Activating mutations in the ABCC8 and KCNJ11 genes are a common cause of neonatal diabetes (1–3). ABCC8 encodes the regulatory subunit of the ATP-sensitive potassium (K_ATP) channel. It coassembles with pore-forming Kir6.2 (KCNJ11) subunits to form an octameric channel, with a central tetrameric Kir6.2 pore being surrounded by four SUR1 subunits (4). Both Kir6.2 and SUR1 serve as metabolic sensors, enabling the K_ATP channel to respond to changes in cellular metabolism. In addition, SUR1 endows the channel with sensitivity to the antidiabetic sulfonylurea drugs.

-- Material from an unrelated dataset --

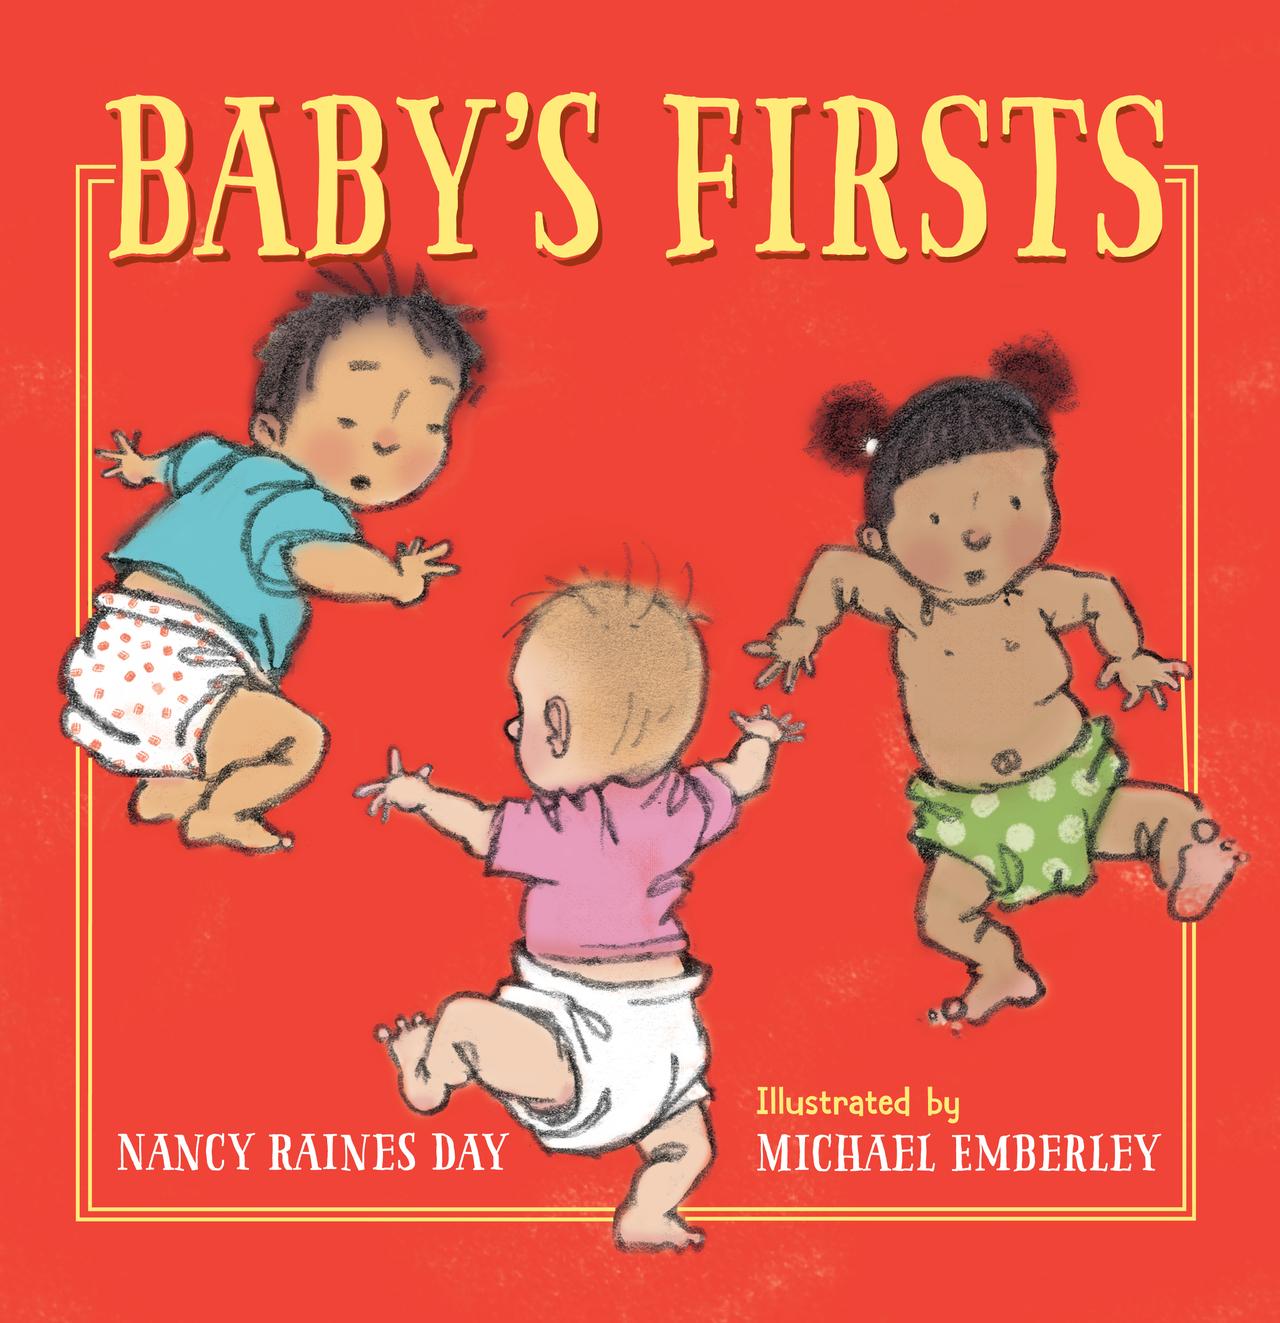 Babys firsts hi res cvr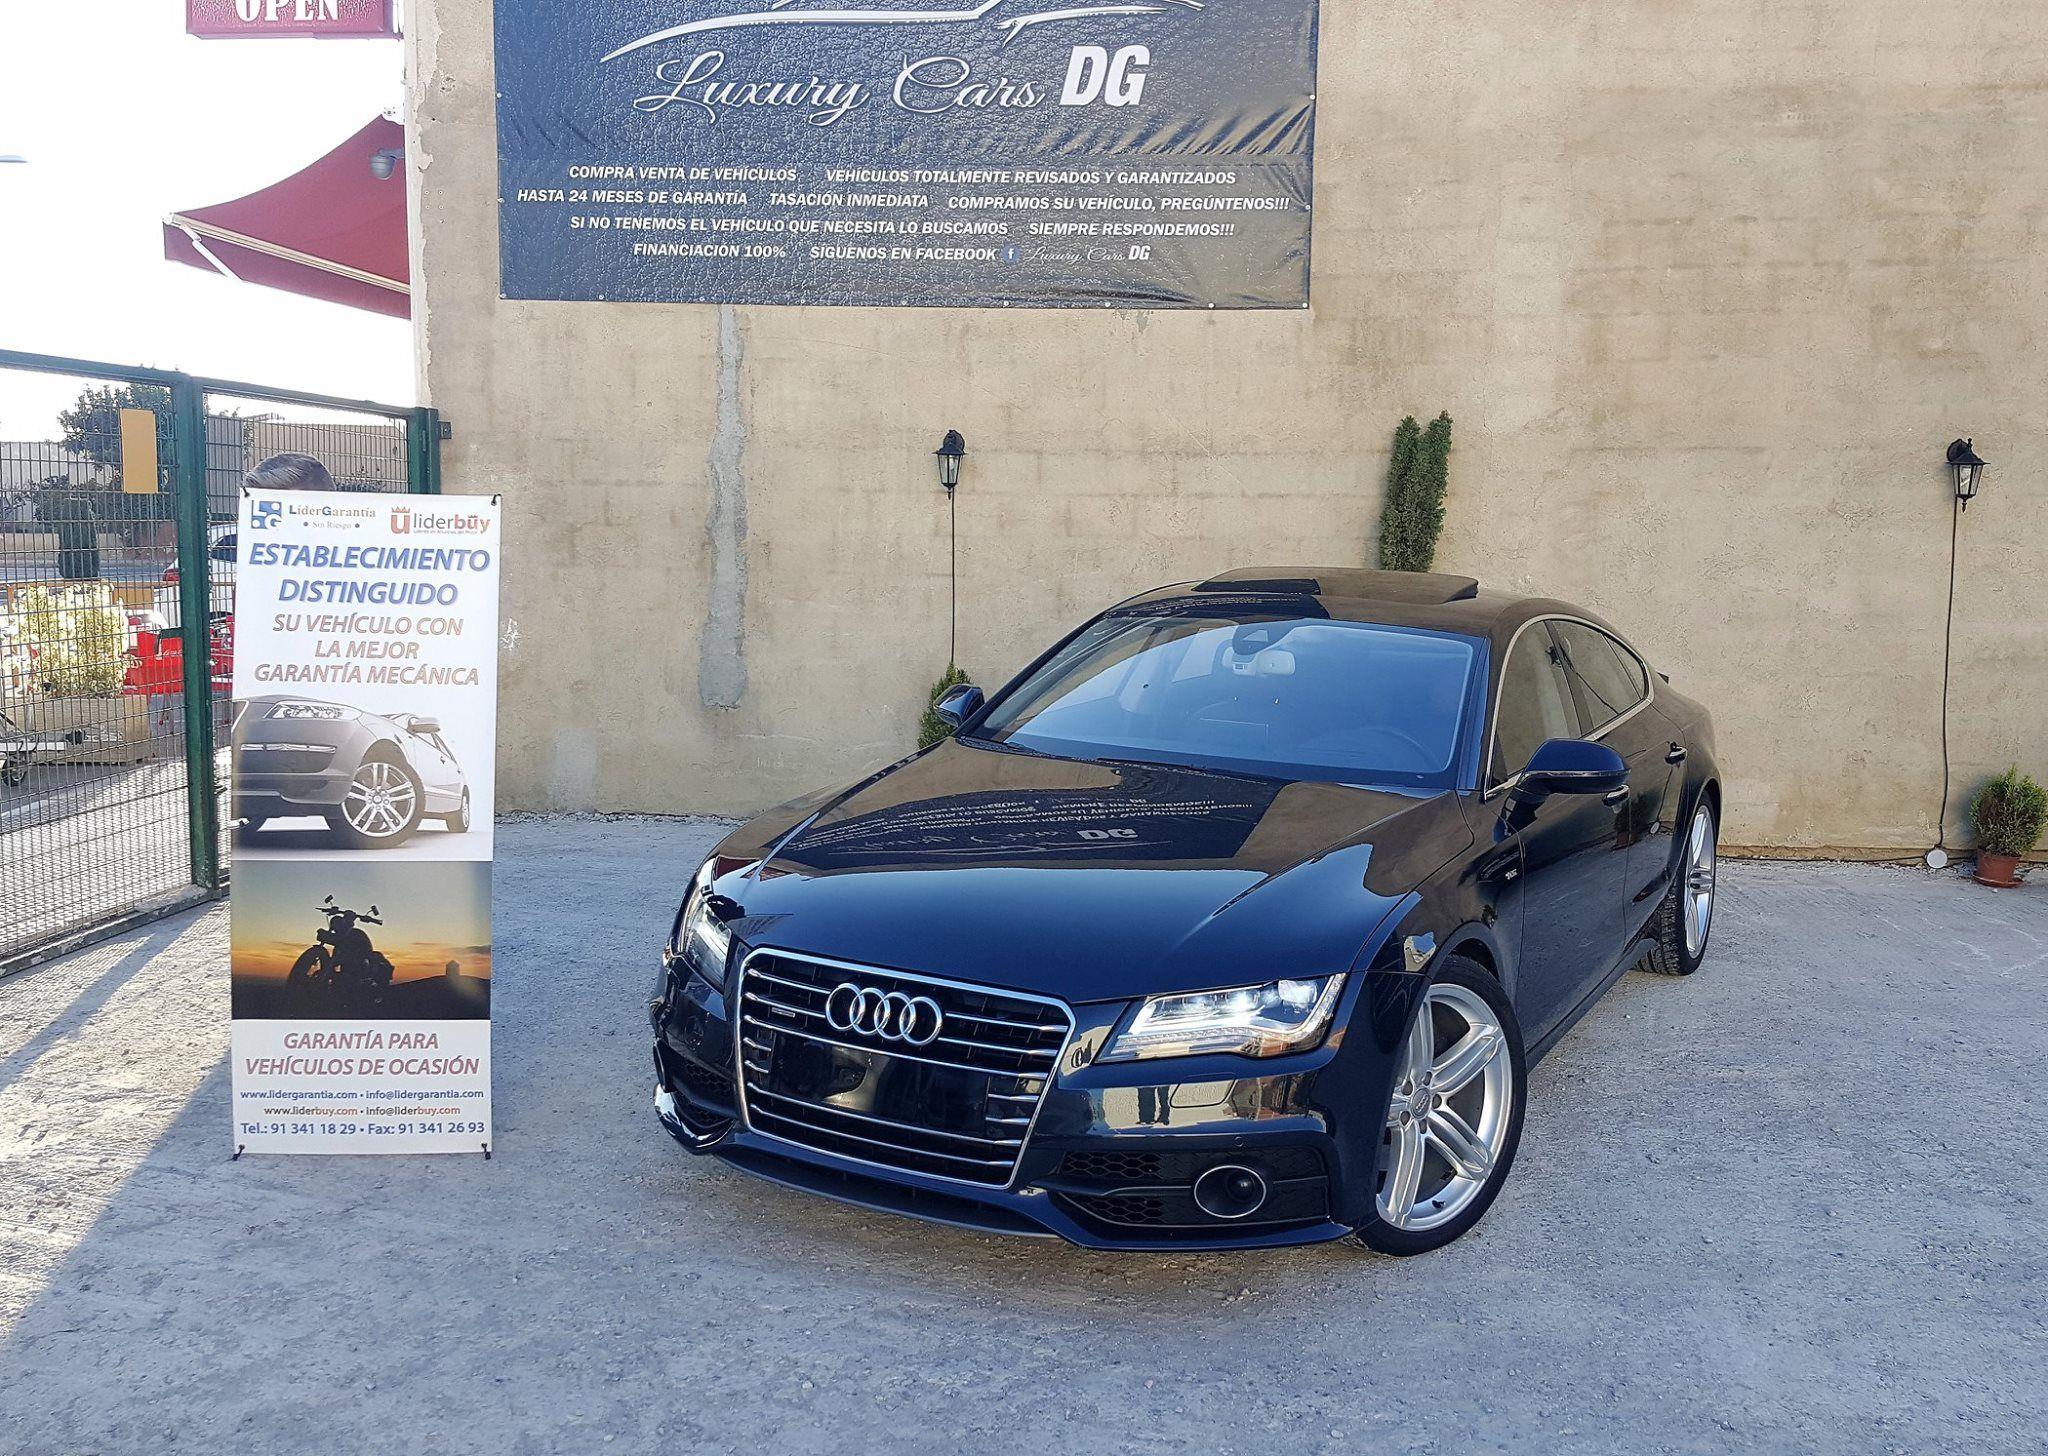 Foto 32 de Compraventa de automóviles en Vera | Luxury Cars DG

In pancreatic beta cells, metabolic regulation of K_ATP channels is crucial for glucose-stimulated insulin secretion (Fig. 1A) (3). In unstimulated cells, K_ATP channels are open and hyperpolarize the membrane enough to keep voltage-gated Ca²⁺ channels closed. When the plasma glucose concentration rises, glucose uptake and metabolism by the beta cell are enhanced, leading to K_ATP channel closure. This causes a membrane depolarization that triggers opening of voltage-gated Ca²⁺ channels and Ca²⁺-dependent electrical activity. The consequent Ca²⁺ influx stimulates insulin release.

Fig. 1.

Function and mechanism of the NBDs of SUR1. (A) Role of the K_ATP channel in glucose-stimulated insulin secretion. (B) Comparison of the amino acid sequences of the Walker A motifs (consensus: GXXXXGKT/S) in the NBDs of various ABCC-family proteins. Residues equivalent to SUR1-R1380 are in boldface. MRP, multidrug resistance-related protein; CFTR, cystic fibrosis transmembrane conductance regulator. (C) The SUR1 ATPase catalytic cycle. BeF, beryllium fluoride (BeF₃⁻ and BeF₄²⁻).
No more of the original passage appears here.